## Problem
Reproduce the lines below exactly. Skip images.

## Supplied data
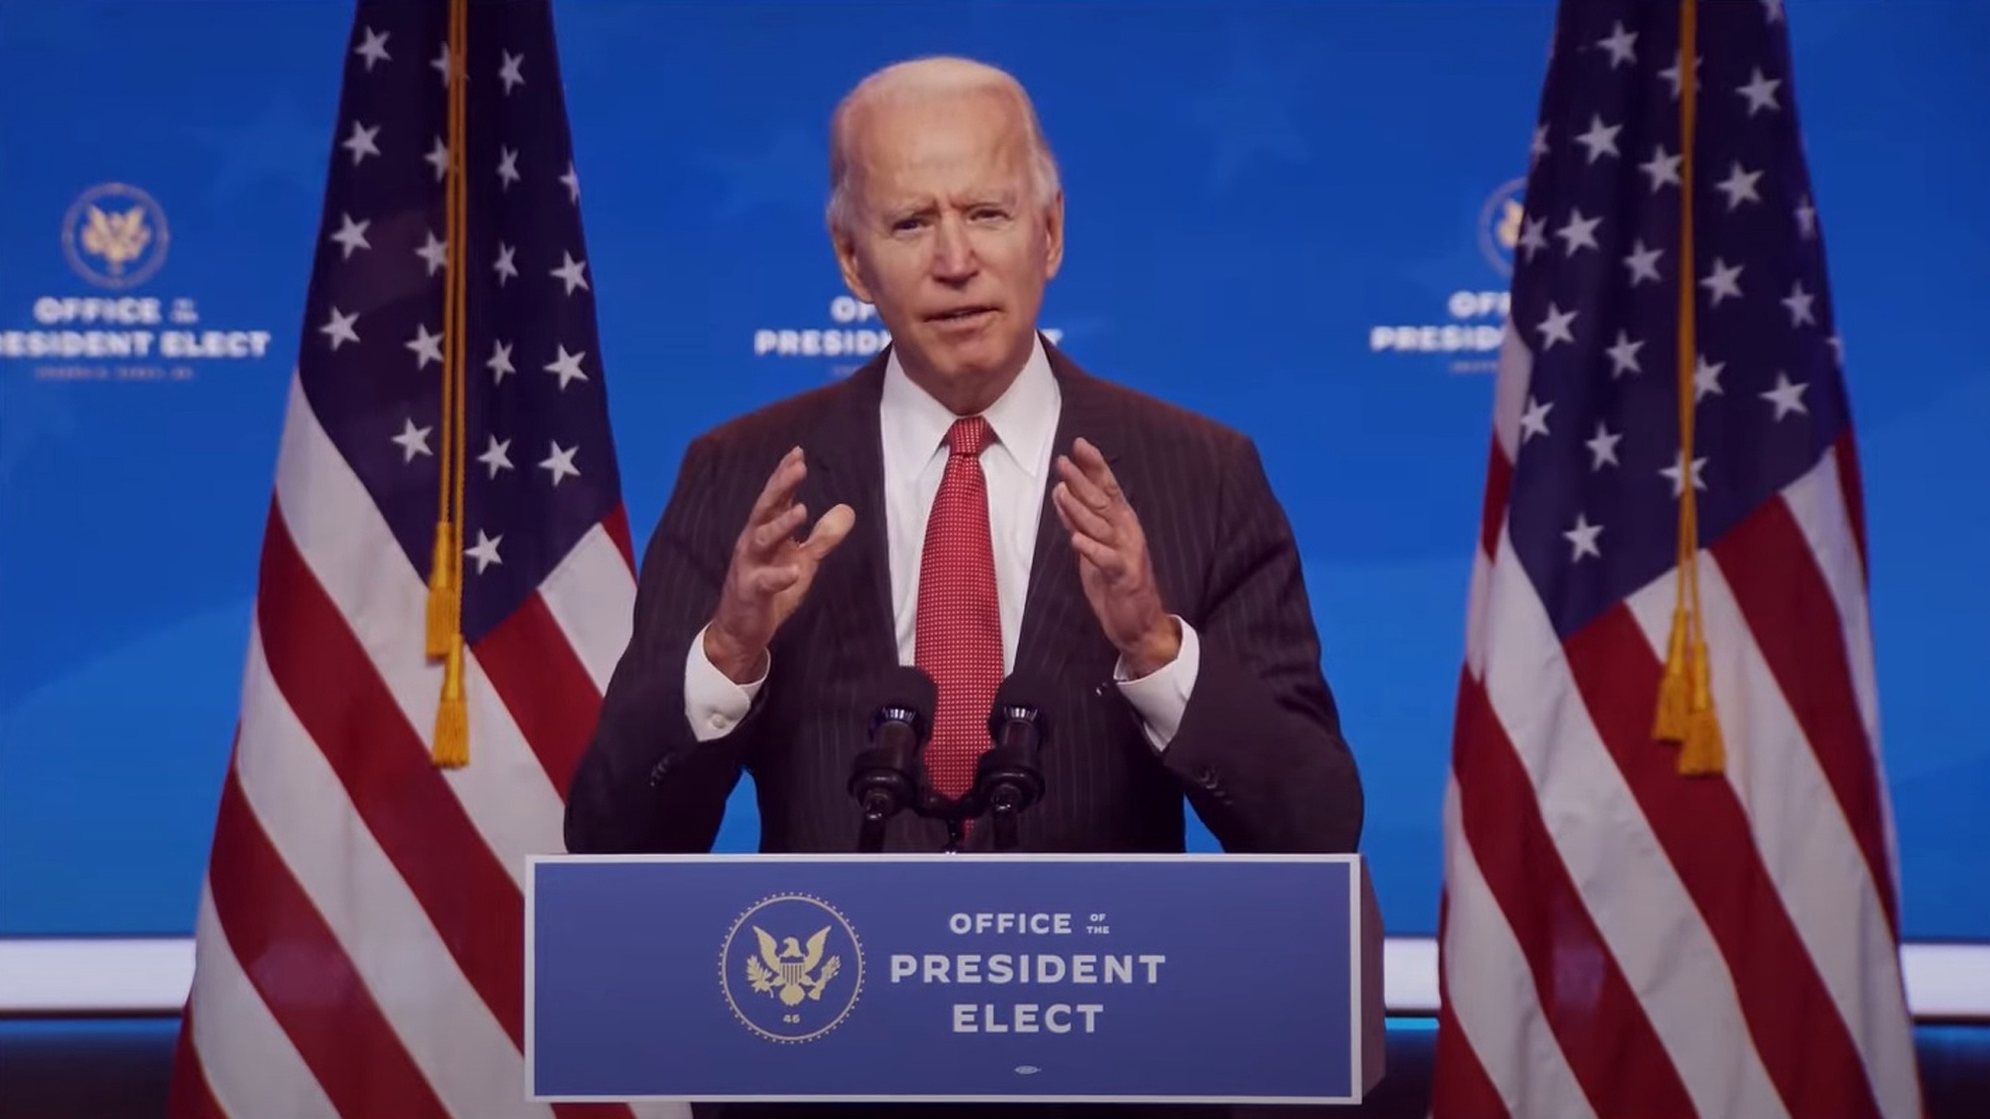 epa08830999 A frame grab from a handout video released by the Office of the President Elect shows US President-Elect Joseph R. Biden addressing the media during a press conference in Wilmington, Delaware, USA, 19 November 2020 (issued 20 November 2020). Georgia state authorities confirmed 19 November US President-elect Joe Biden won the the election in Georgia following a recount. It was the first time the Democrats won a presidential election race in Georgia since 1992 when Bill Clinton was elected.  EPA/OFFICE OF THE PRESIDENT ELECT/HANDOUT BEST QUALITY AVAILABLE HANDOUT EDITORIAL USE ONLY/NO SALES
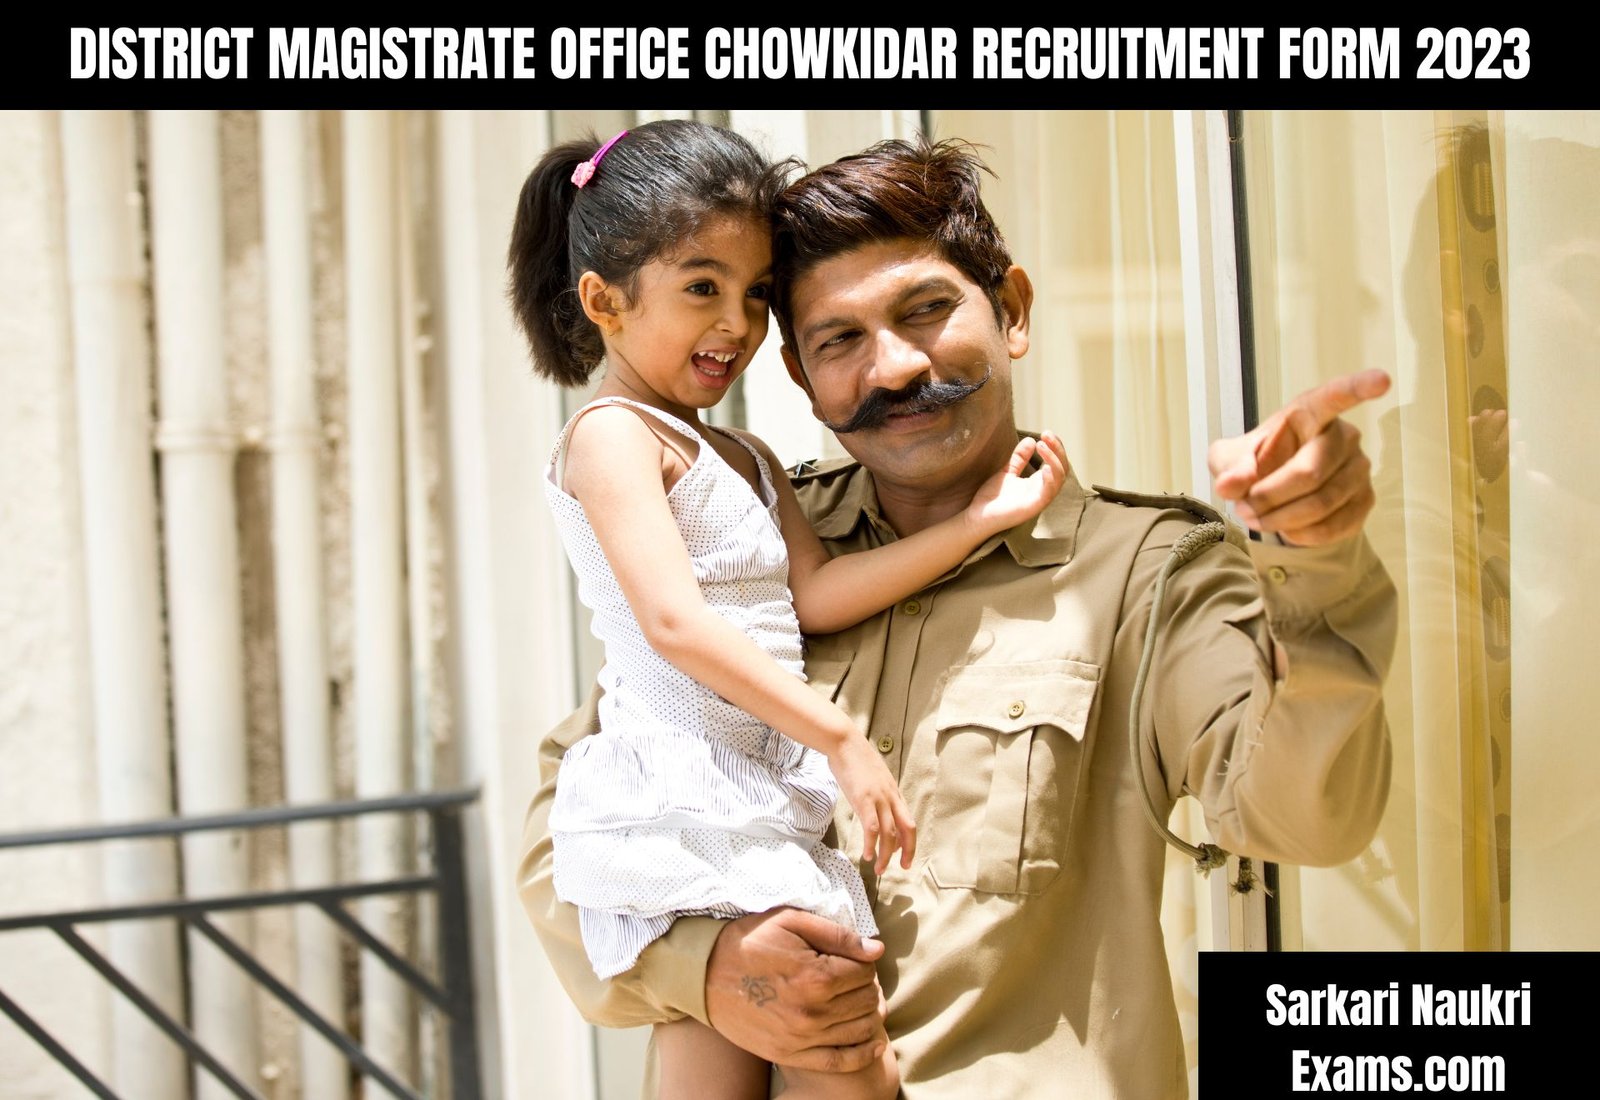 District Magistrate Office Chowkidar Recruitment Form 2023 | Last Date 1 February 
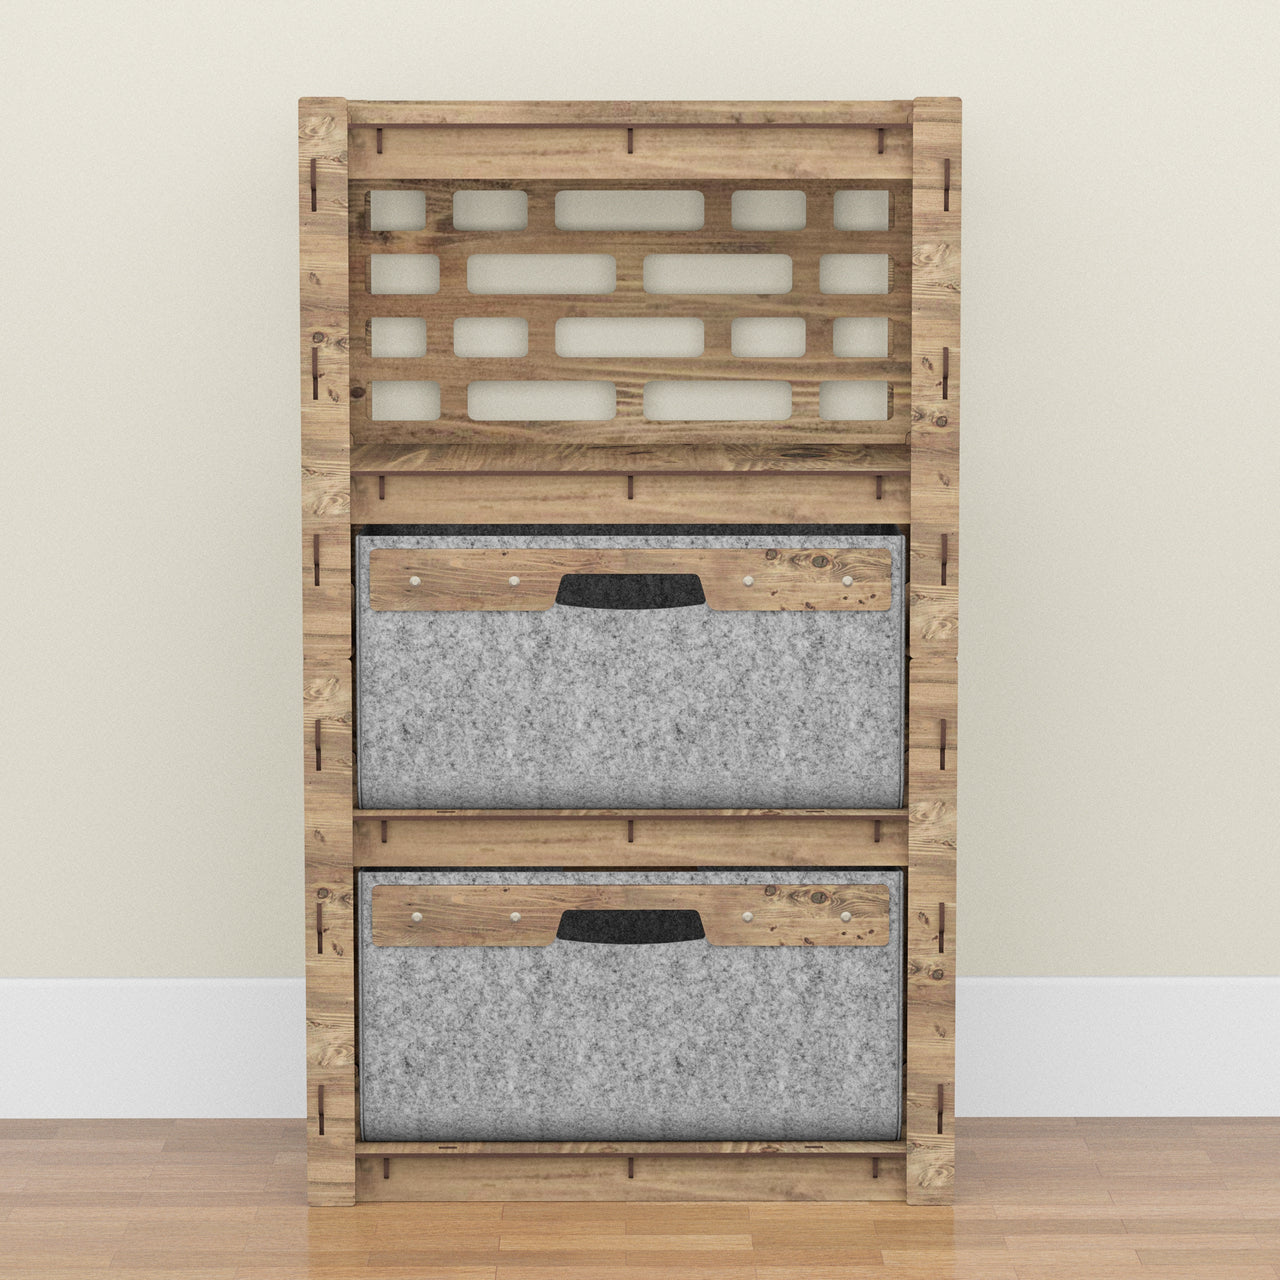 Brickwall Chest Of 2 Drawers Storage Cabinet [2 LARGE GRAY BINS]

## Task result
 epa08830999 A frame grab from a handout video released by the Office of the President Elect shows US President-Elect Joseph R. Biden addressing the media during a press conference in Wilmington, Delaware, USA, 19 November 2020 (issued 20 November 2020). Georgia state authorities confirmed 19 November US President-elect Joe Biden won the the election in Georgia following a recount. It was the first time the Democrats won a presidential election race in Georgia since 1992 when Bill Clinton was elected.  EPA/OFFICE OF THE PRESIDENT ELECT/HANDOUT BEST QUALITY AVAILABLE HANDOUT EDITORIAL USE ONLY/NO SALES
 District Magistrate Office Chowkidar Recruitment Form 2023 | Last Date 1 February 
 Brickwall Chest Of 2 Drawers Storage Cabinet [2 LARGE GRAY BINS]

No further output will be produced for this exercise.